Stoichiometry is a fundamental concept in chemistry that deals with the quantitative relationships between reactants and products in a chemical reaction. It uses the coefficients in a balanced chemical equation to determine the proportions of molecules involved. For the reduction of the metal oxide \(\text{Z}_2\text{O}_3\) by hydrogen, the balanced equation is \(\text{Z}_2\text{O}_3 + 3\text{H}_2 \rightarrow 2\text{Z} + 3\text{H}_2\text{O}\). This equation shows that one mole of the metal oxide reacts with three moles of hydrogen gas to produce two moles of the metal and three moles of water. By understanding stoichiometry, we can predict how much of each substance is needed or produced in a reaction, which is crucial for solving problems that require precise calculations in chemistry.

Calculating the molar mass is essential for converting between the mass of a substance and the amount of substance in moles. To find the molar mass of a compound like \(\text{Z}_2\text{O}_3\), we sum the atomic masses of all the atoms in its formula. Use the periodic table to find the atomic weights.

• For oxygen (\(\text{O}\)): 16 u per atom, with three atoms contributing \(3 \times 16 = 48\) u to the total.
• For the metal (\(\text{Z}\)), its atomic weight is initially unknown.

Given that the molar mass for \(\text{Z}_2\text{O}_3\) is calculated to be 159.6 g/mol, we can set up the equation \(2x + 48 = 159.6\), where \(x\) is the atomic weight of \(\text{Z}\). Solving this, we find that \(2x = 111.6\), hence \(x = 55.8\) u, determining the metal's atomic weight.

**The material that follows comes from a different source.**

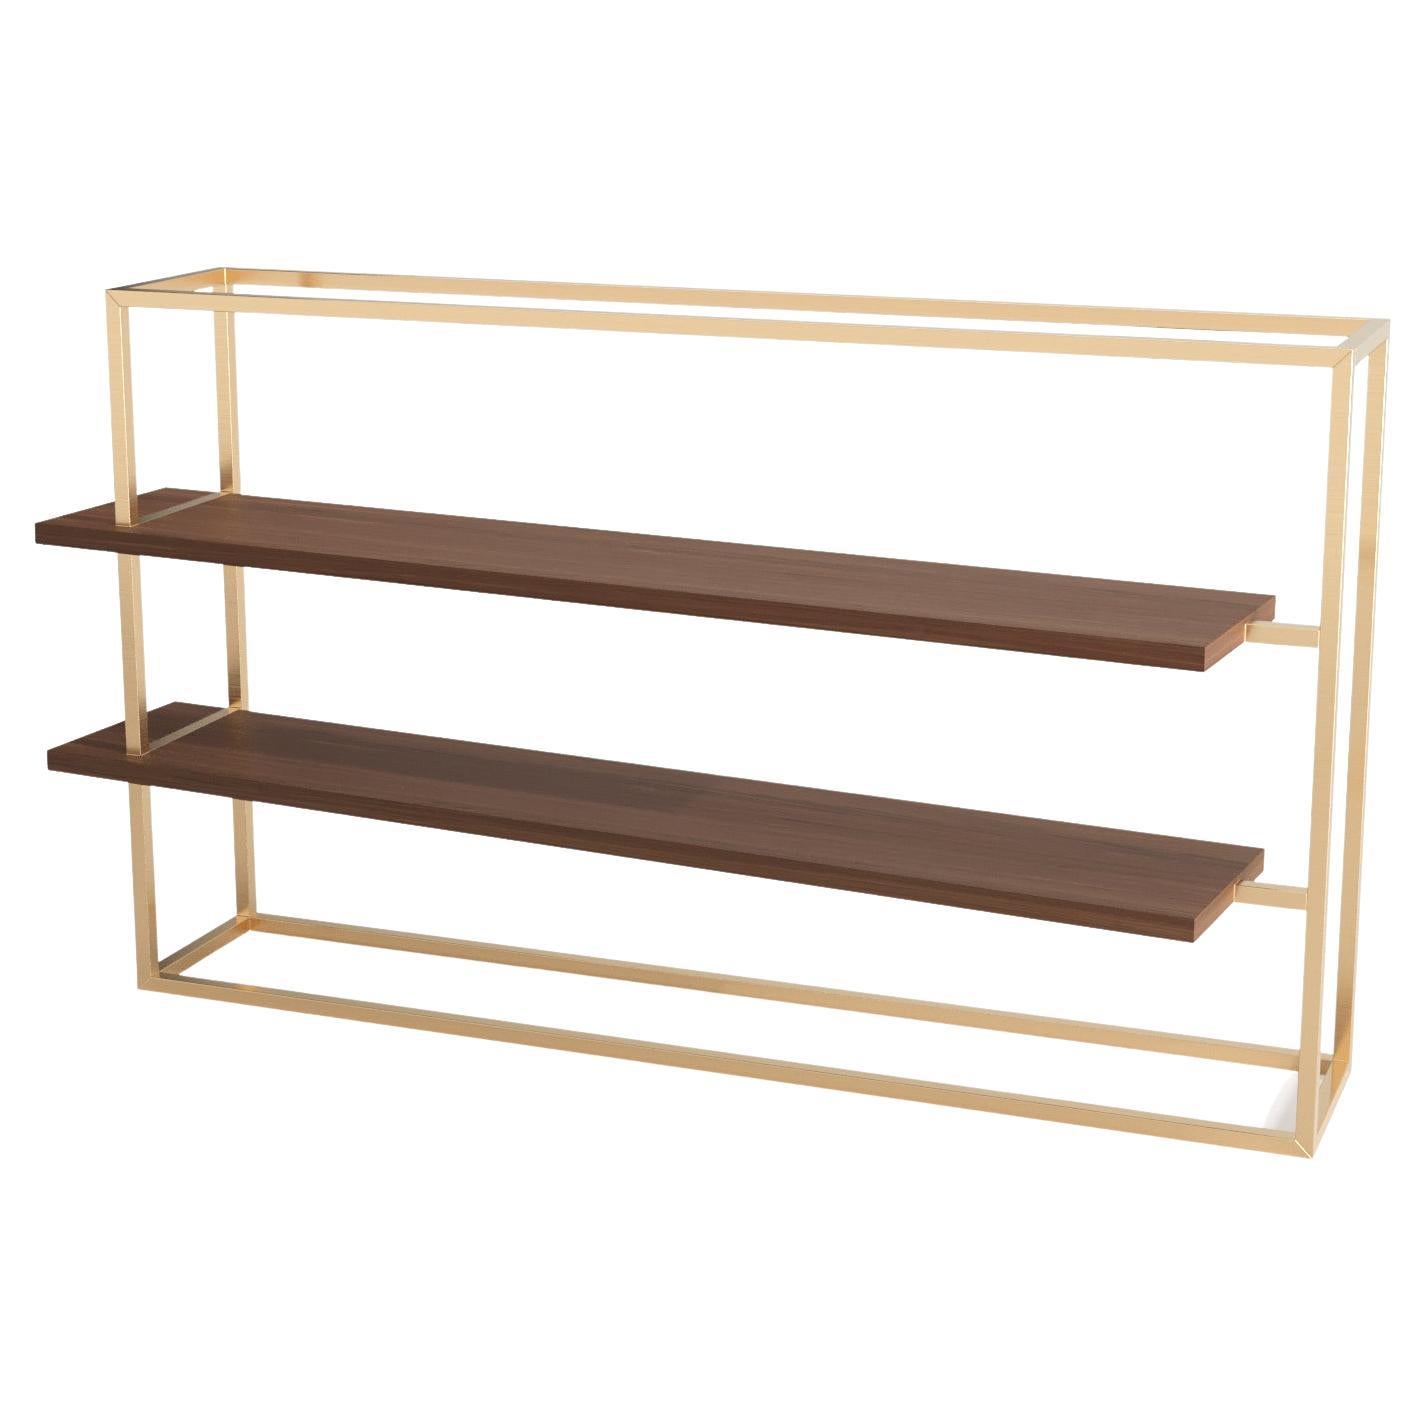 Contemporary Modern Minimalist Bookcase with Shelves Oak Wood Brushed Stainless Steel For Sale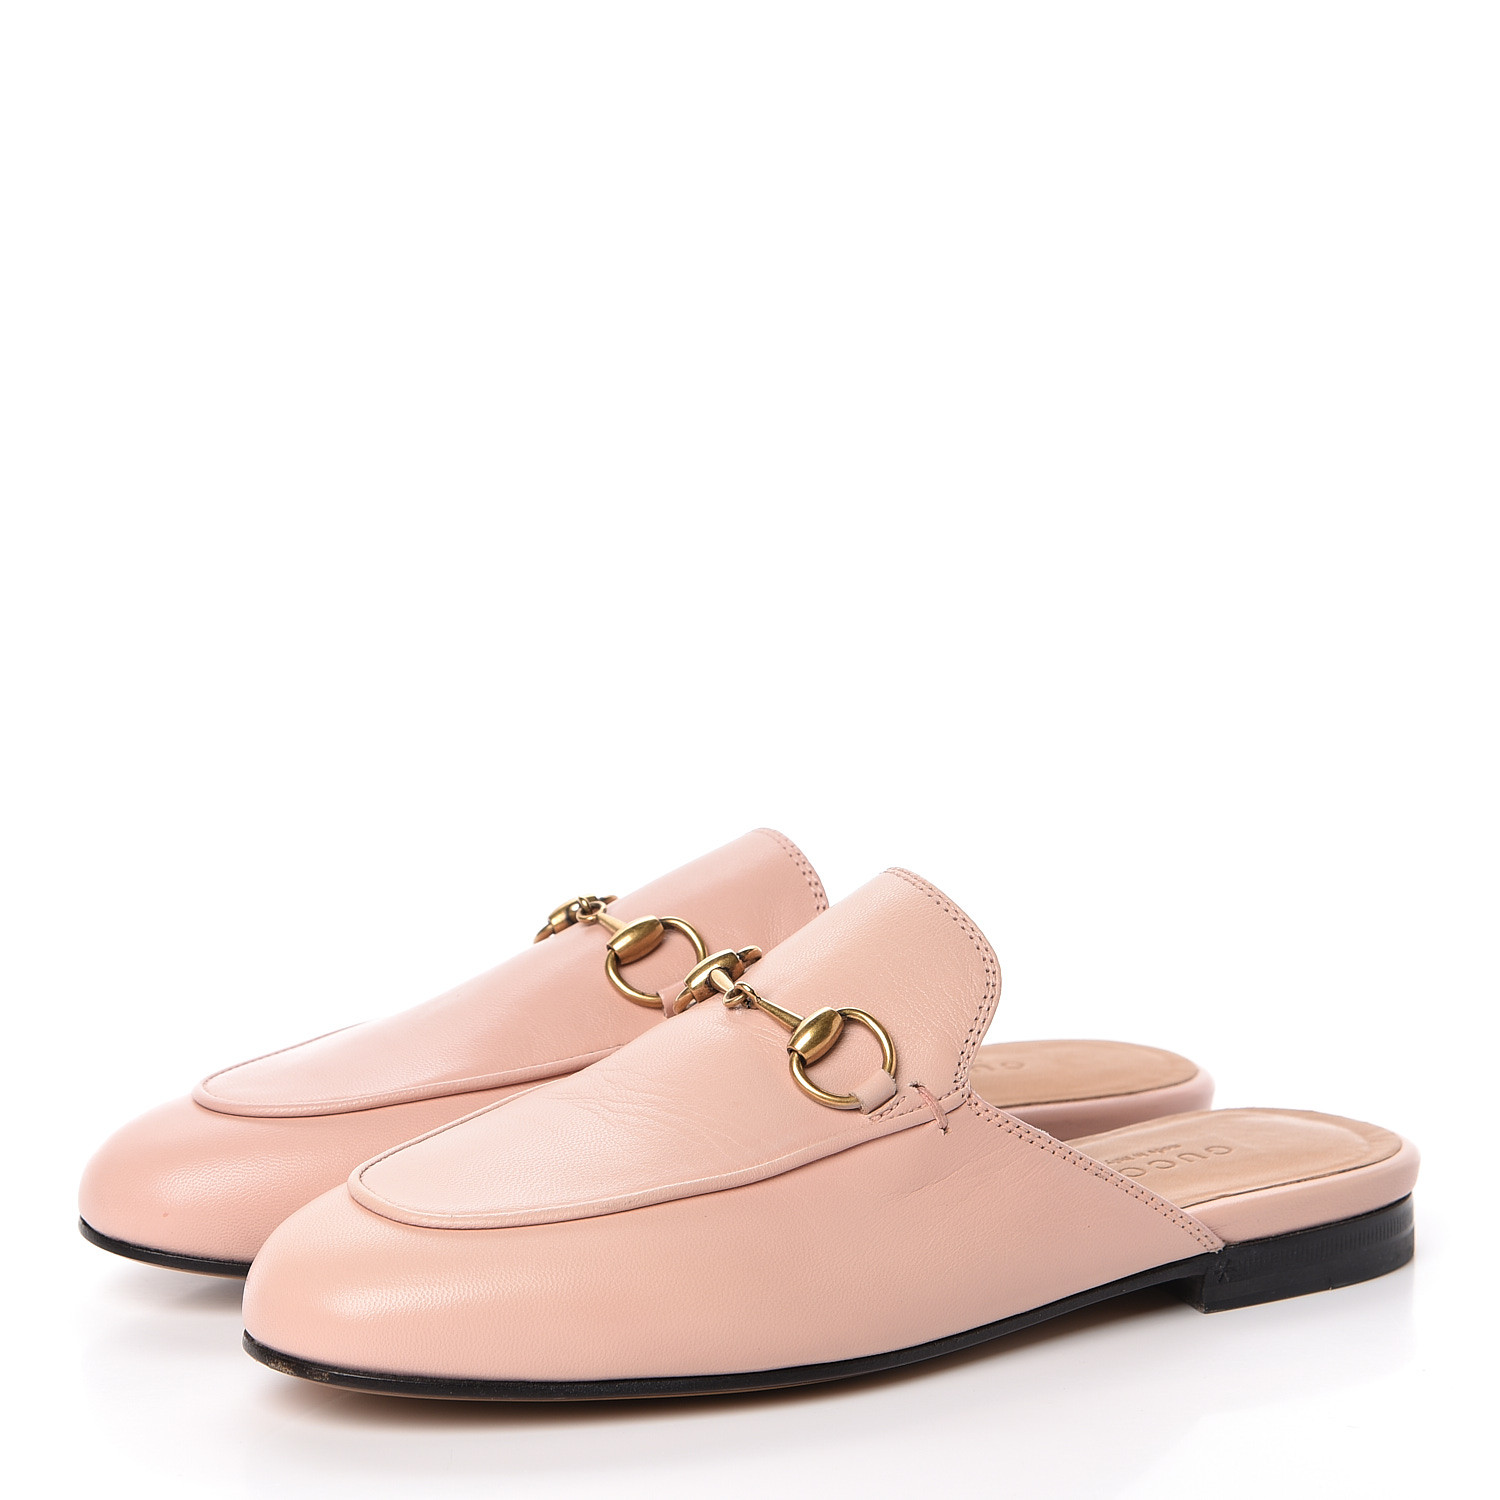 GUCCI Calfskin Womens Princetown Slippers 35 Pink 498038 | FASHIONPHILE

Determining atomic weights is critical for identifying elements and understanding their properties. In the context of the exercise, we find the atomic weight of element \(\text{Z}\) in the compound \(\text{Z}_2\text{O}_3\) by using molar masses and stoichiometry. Once the molar mass of the compound was found, the equation \(2x + 48 = 159.6\) allowed us to isolate \(x\), representing the atomic weight of \(\text{Z}\). Knowing this is vital to solving the problem as the atomic weight directly corresponds to the correct multiple-choice answer. Once solved, it was clear that \(x = 55.8\) u, confirming our calculations and understanding of the compound's makeup.

Hydrogen reduction reactions involve hydrogen gas reducing metal compounds to pure metals. In the exercise, hydrogen gas reacts with the metal oxide \(\text{Z}_2\text{O}_3\) under the equation \(\text{Z}_2\text{O}_3 + 3\text{H}_2 \rightarrow 2\text{Z} + 3\text{H}_2\text{O}\).

• Firstly, it is crucial to remember that hydrogen here serves as a reducing agent, meaning it donates electrons to \(\text{Z}_2\text{O}_3\), breaking its bonds with oxygen and forming water.
• This type of chemical reaction is an example of a redox reaction, specifically focusing on the reduction of the metal compound.
• Analyzing the reduction helps us understand the link between the consumed hydrogen and produced metal, allowing us to quantify reactants and products precisely.

By calculating the moles of \(\text{H}_2\) used and aligning it with stoichiometric principles, we accurately predict the amount of metal produced.